4. (Pasien No. 168) atas nama Nn. SH berusia 19 tahun status saat ini Karantina Rumah Sakit Khusus COVID-19 Galang;

5. (Pasien No. 169) atas nama Anak KL berusia 4 tahun status saat ini Perawatan RSUD Embung Fatimah;

6. (Pasien No. 170) atas nama Ny. ZE berusia 44 tahun status saat ini Perawatan RS Elizabeth Batam Kota;

7. (Pasien No. 171) atas nama Nn.

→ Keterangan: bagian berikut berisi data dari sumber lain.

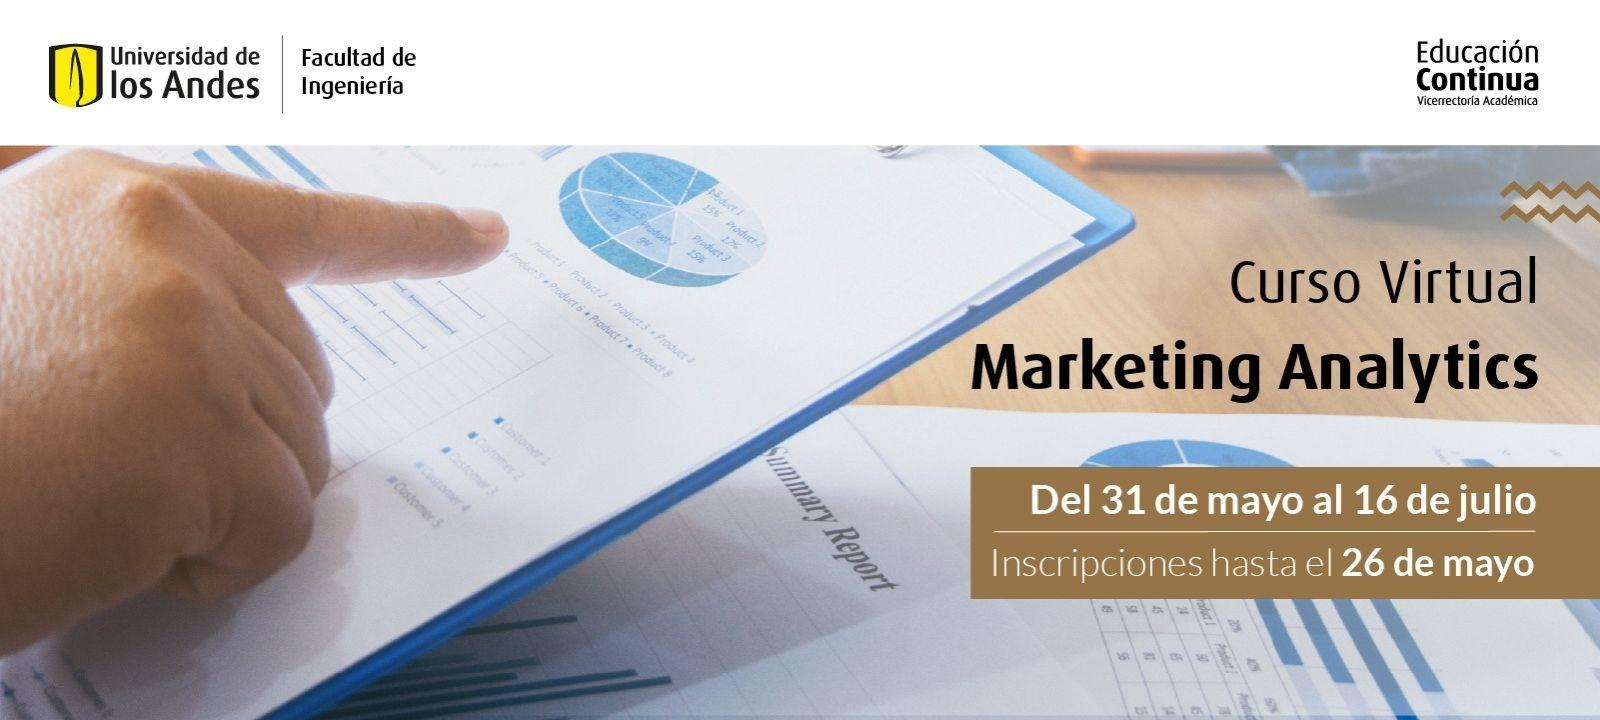 Curso virtual - Marketing Analytics

DP berusia 21 tahun status saat ini Karantina Rumah Sakit Khusus COVID-19 Galang;

8. (Pasien No. 172) atas nama Ny. SP berusia 45 tahun status saat ini Karantina Rumah Sakit Khusus COVID-19 Galang;

9. (Pasien No. 173) atas nama Tn. MR berusia 33 tahun status saat ini Karantina Rumah Sakit Khusus COVID-19 Galang;

10. (Pasien No. 174) atas nama Ny. NE berusia 43 tahun status saat ini Karantina Rumah Sakit Khusus COVID-19 Galang;

11. (Pasien No. 175) atas nama Tn. DA berusia 29 tahun status saat ini Karantina Rumah Sakit Khusus COVID-19 Galang;

12. (Pasien No. 176) atas nama Nn. PN berusia 13 tahun status saat ini Perawatan RS Elizabeth Batam Kota.

Atas penambahan tersebut, pasien positif di Provinsi Kepri menjadi 207, dengan rincian dari klaster Kepri 176, klaster KM Kelud di Galang 29 dan klaster Kapal Sabuk Nusantara 2 orang.

Isdianti juga menyampaikan, saat ini Indonesia sedang dihadapkan pada satu bencana pandemi Covid-19. Menghadapi wabah Covid-19, membutuhkan kebersamaan serta persatuan dan kesatuan bangsa sehingga tidak terpecah belah dalam menyikapi upaya penanganan virus ini.

Konsep Gotong Royong yang merupakan salah satu intisari nilai Pancasila dapat dijadikan role model baik bagi pemerintah maupun masyarakat dalam menghadapi Covid-19, melalui penguatan pelaksanaan nilai-nilai Pancasila diharapkan mampu mempercepat penanggulangannya.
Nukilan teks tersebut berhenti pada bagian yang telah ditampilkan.